Some time ago Adam wrote a fine piece about ethics in House, arguing that House’s apparently unethical behavior—his devotion to solving the intellectual puzzle of illness at the expense of obeying hospital rules or caring about the wellbeing of patients—is in fact the ethical attitude par excellence. Adam explains: “Only by practicing medicine for its own sake and not for the people, and directly enjoying its inherent satisfactions, can he ever hope to solve the hopelessly complicated cases that he is faced with.” You could derive a couple of ethical theories from this. Focussing on the part about “practicing medicine for its own sake” might lead you to something like Badiou’s claim in Ethics, that there is no such thing as ethics in general, but only the ethics of a particular situation, such that the only possible “medical ethics” is simply to practice medicine as well as possible.

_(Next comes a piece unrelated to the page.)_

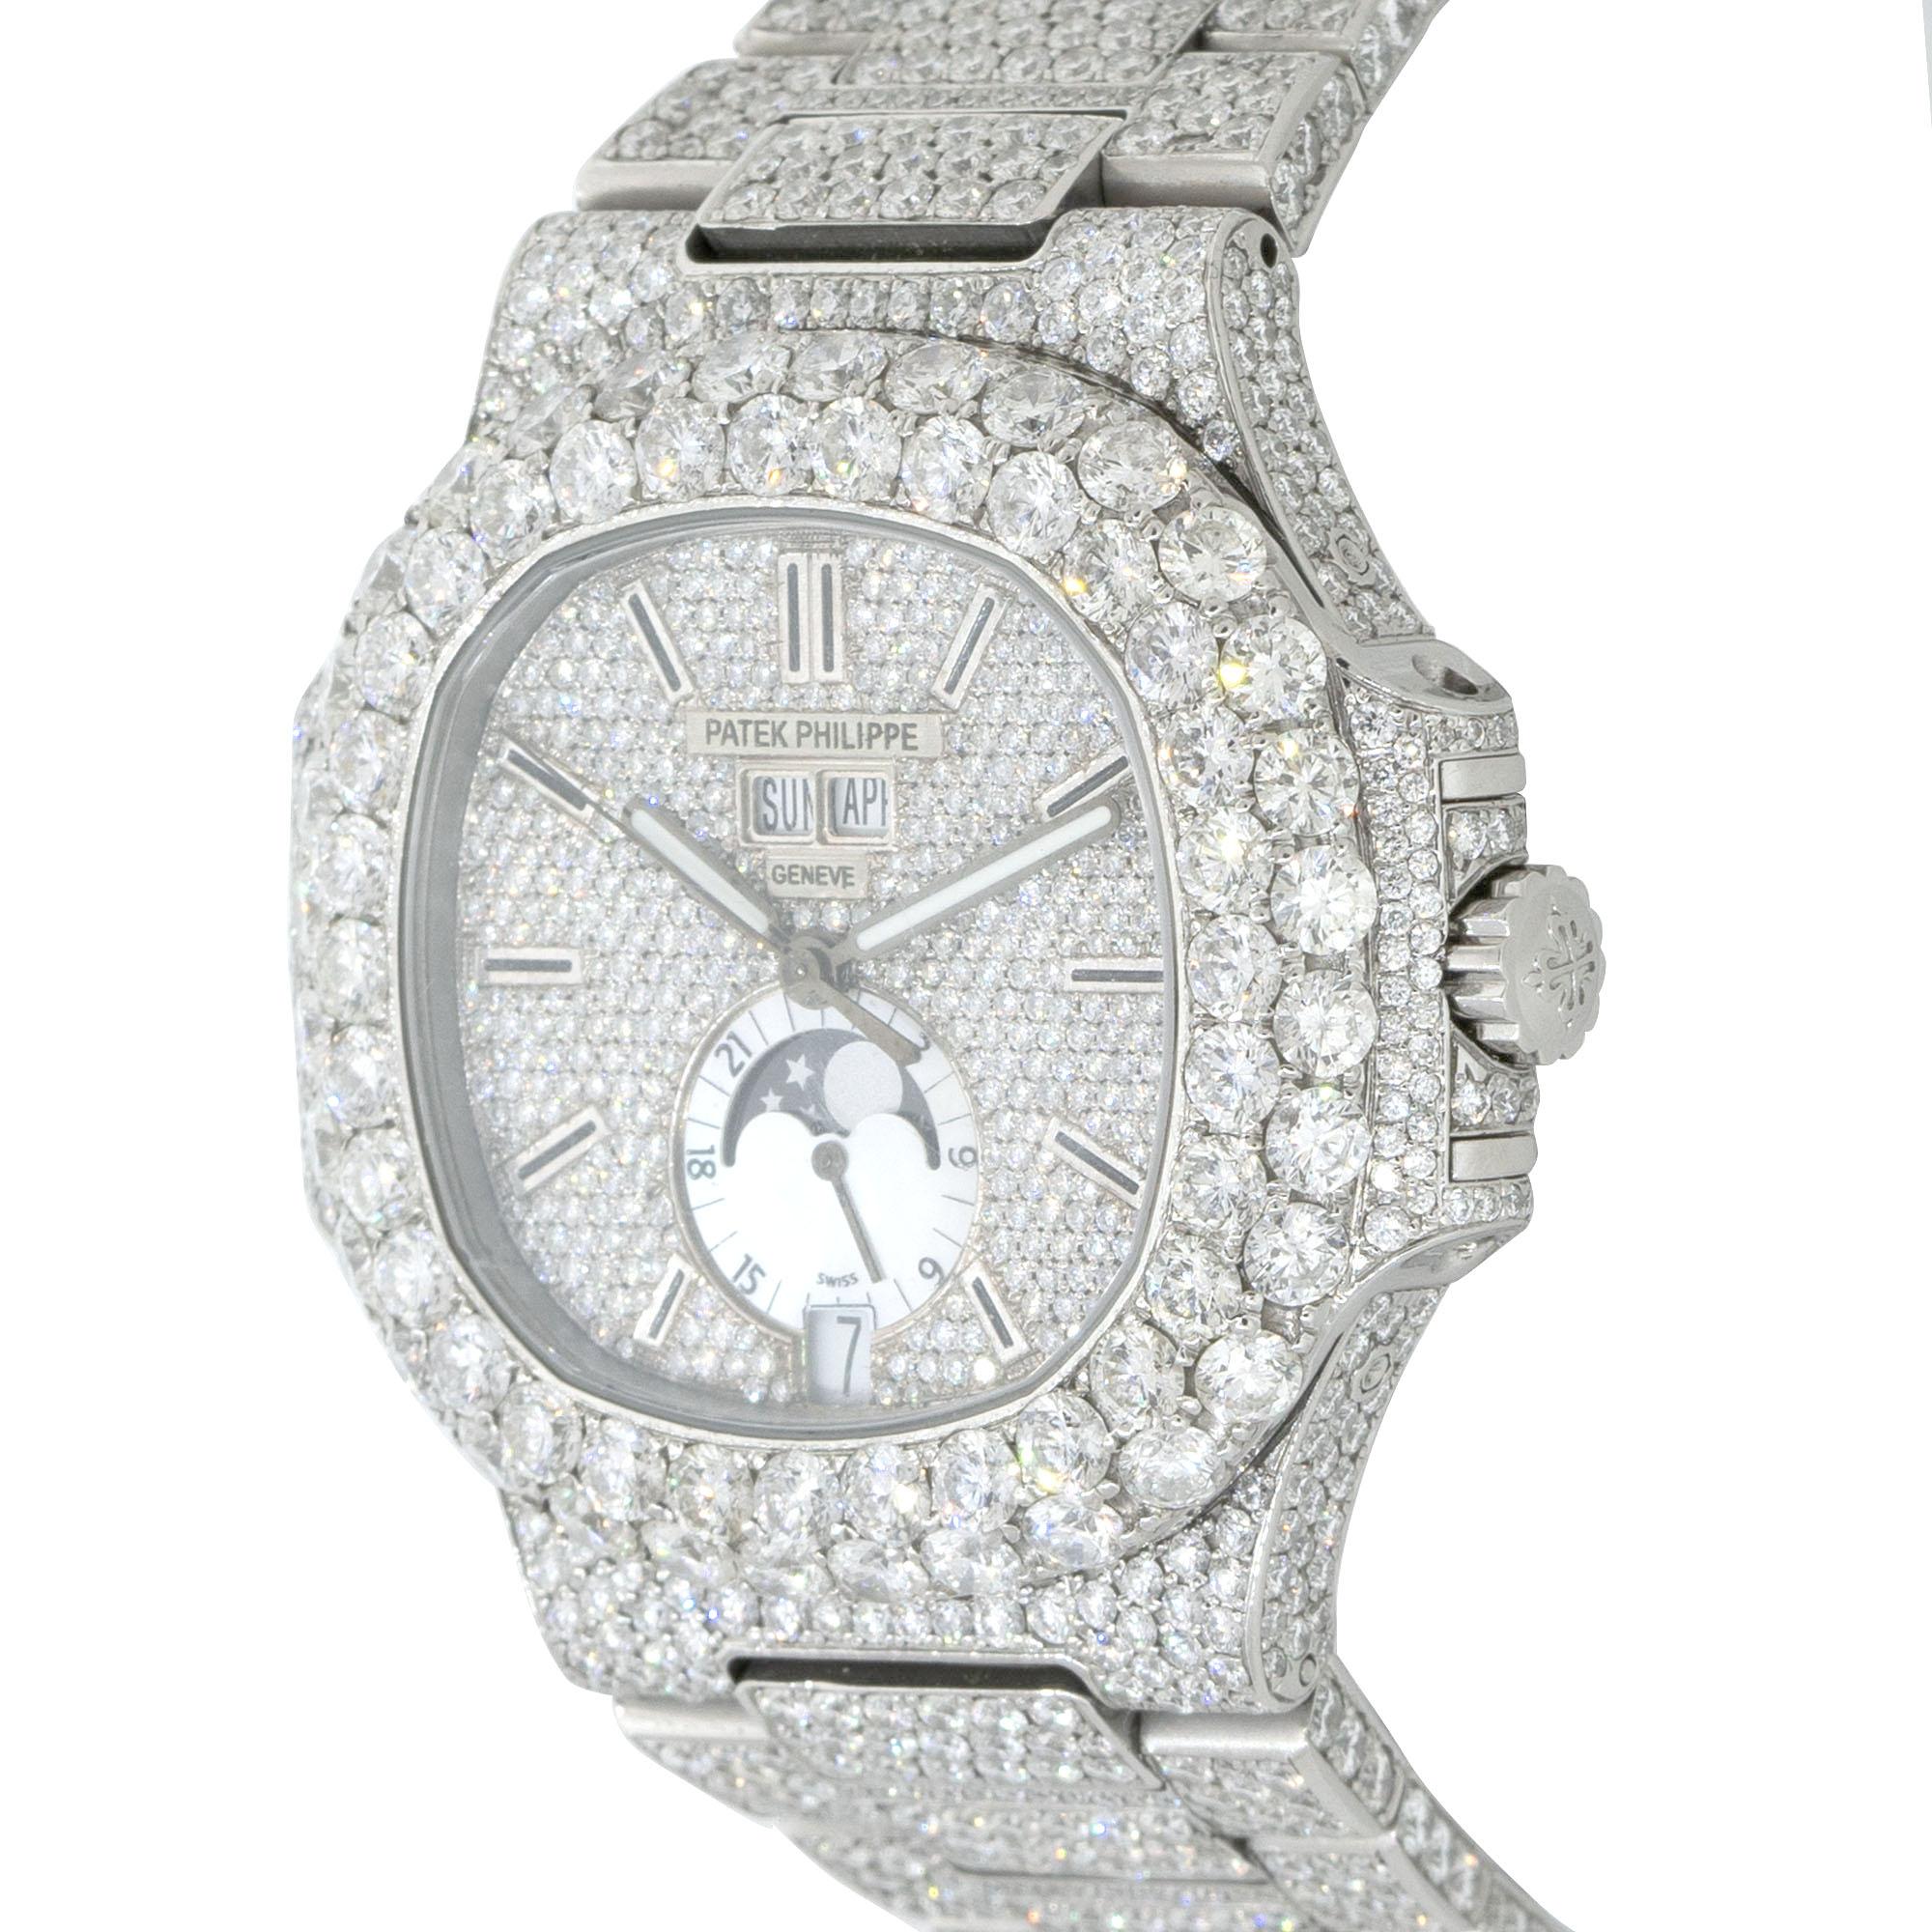 Patek Philippe Nautilus Stainless Steel All Diamond Moon Phase Dial Watch In New Condition For Sale In Boca Raton, FL

The other position here focuses on House’s enjoyment; House’s ethics lie in embracing his enjoyment, rather than attempting to find some moralistic justification for his actions. Adam’s description of House enjoying medicine’s “inherent satisfactions” kind of aligns this with the Badiouian theory in that the ethical act depends on the specifics of the medical situation. But I think House would get the same enjoyment from some other intellectual pursuit; the medicine is at bottom extrinsic to House’s enjoyment. It would be interesting to consider the ethical implications of a character whose pursuit of an apparently praiseworthy pursuit hinges on an enjoyment that is extrinsic to, even at odds with, the apparent norms of that pursuit.
The Wire‘s Jimmy McNulty is just such a character. McNulty’s most prominent characteristic is his willingness to go uo against the Baltimore Police Department’s chain of command in order to pursue a case; but it’s not clear this is ever motivated merely by a desire to solve crimes. At the end of the first season, McNulty claims his pursuit of Barksdale was motivated by a desire to prove himself right; the beginning of the second season provides an even better example. In the first couple of episodes, McNulty spends a great deal of time and effort assembling information that ensures that murder investigations are opened into the deaths of 14 unknown women, something which he does, and with great pleasure, solely to fuck over his old commander, Major Rawls of the homicide unit, who will know have to deal with the statistical fallout of 14 unsolvable cases. What’s interesting here is that McNulty, employing the bureaucratic obstructions of the police department in order to pursue a personal vendetta, sets in motion a train of events that leads to these women being identified, and legal procedings against drug and human traffickers (the other impetus, it occours to me, is Major Valcheck’s even more petty vendetta against union boss Frank Sobotka).
(Adam also talks about House‘s medical utopia, in which doctors, rather than insurance companies, make decisions about treatment. I wonder how much this TV image—not confined to House—leads people to accept those absurd ads currently on TV talking about Obama’s terrifying plan to introduce bureaucrats into the US health care system. Of course, the ads’ fantasy healthcare system in which medical decisions are made by doctors actually exists, but it’s not in the US, it’s in the UK, and doubtless every other country with socialized medicine.)